Nirvana on a backhoe

Habitat restorer Kim Erion's heartfelt connection to her work

  • Kim Erion rests while hiking a logging road she decommissioned eight years ago. It is overgrown now, almost indistinguishable from the rest of the forest.

    Cory Eldridge
  • gmattrichard, Istock


Name: Kim Erion

Age: 39

Hometown: Washougal, Wash.

She says, about the green jobs movement: "The whole thing makes me sick! It is giving Johnny Backhoe Sewer-Line-Extraordinaire a ticket to change his name because he failed at business and now can turn into Acme-Eco-  Habitat Construction."
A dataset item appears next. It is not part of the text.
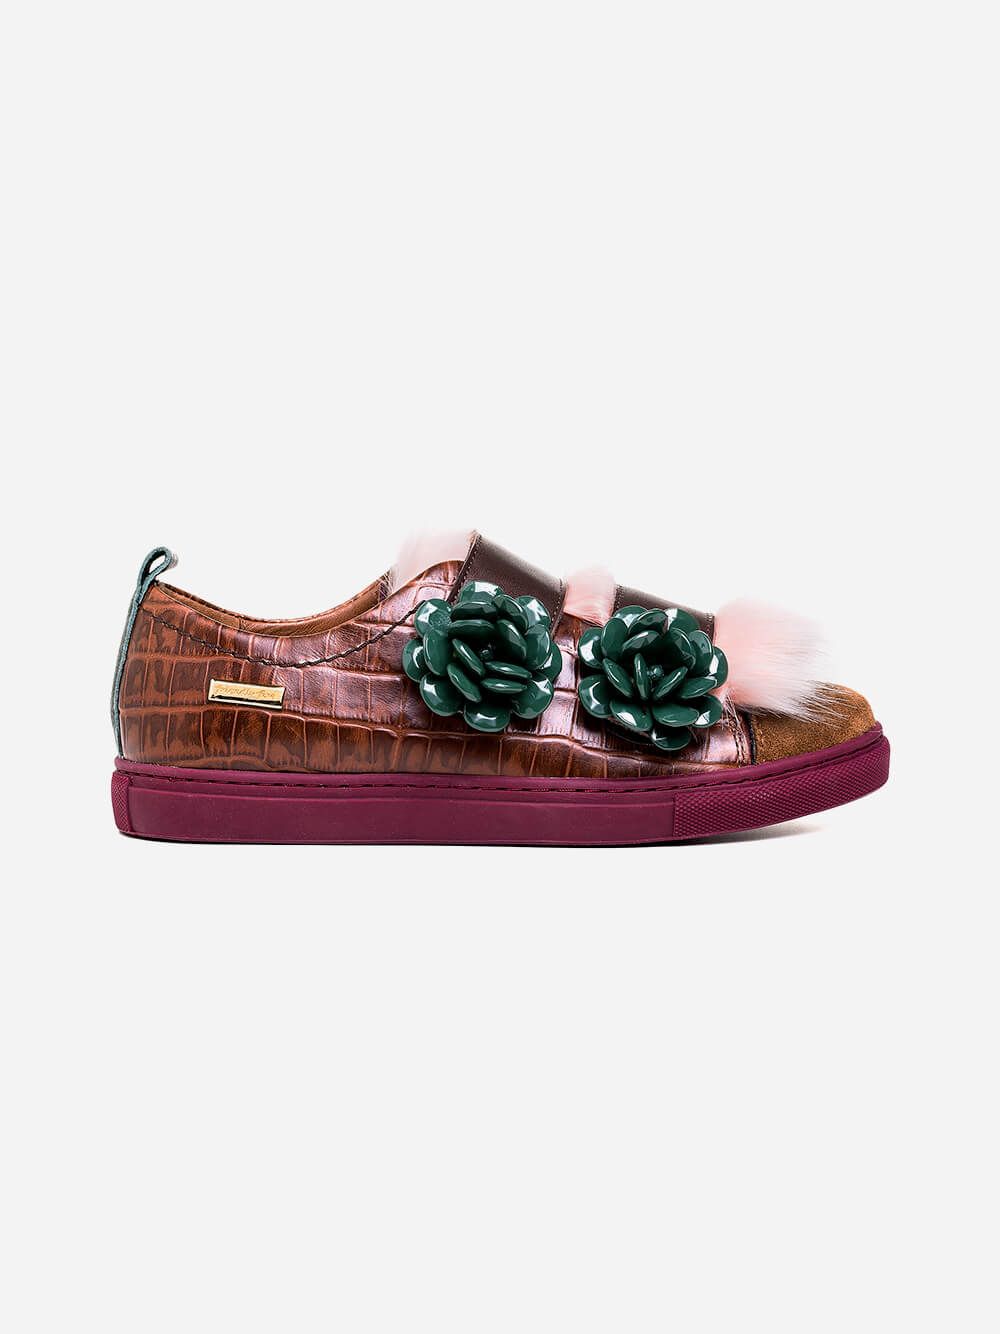 Gala Green Rose Sneakers | Friendly Fire

Occupation: Independent road decommissioner, habitat restorer

Hobby: Custom historic-costume tailoring

This is an old logging road -- this gnarled, overgrown greenway deep in Oregon's Coast Range. Only one thing sets it apart from the rest of the ravine: There are no tall trees. Not yet, anyway. When Kim Erion last walked the road eight years ago, log-laden trucks could still rumble down it. Now she claws back salmonberry groves and sidesteps foxglove spires. Compact and kinetic like a wrestler, her ever-braided brunette ponytail pulled through her cap, Erion spots a log and shouts, "This is my log, and so is this one," then hugs the wood and calls it "my baby."

The log is her baby because she put it there. For a Forest Service road-restoration project, Erion, her husband, Jim, and their crew tore apart the road with bulldozers and excavators, churning the hard-packed dirt into loose soil. They contoured the hillside, removed culverts, restored the streambed and planted ferns. On the last mile, Erion clenched that log in the steel maw of her excavator and nestled it into place. Then the crew spread hay to stop erosion and make it easier for plants to take root.

The job contract didn't include the hay, but Erion believed the road needed it to heal. Her contracts also never require that she lose sleep if she doesn't place a fern just so -- but she does. Knowing where a rock or log should go is sensual for her, part of a deep intuitive awareness of the forest. "I could hear where the logs wanted to be placed in the stream cutbanks," she says. "I could sense where and when to replant existing rhododendrons."

She's restored nearly one thousand miles of old logging roads and revived thousands of acres of wetland and forest across the West since 1996, working for federal and state agencies. A scant handful of people do great restorations, the kind that repair a site instead of just covering the damage, say several federal contracting officers. Erion, however, is in a class of her own. "She takes these big excavators into streams to create fish habitats and you can't tell she was there," says Lois Tate of Washington's Okanogan-Wenatchee National Forest.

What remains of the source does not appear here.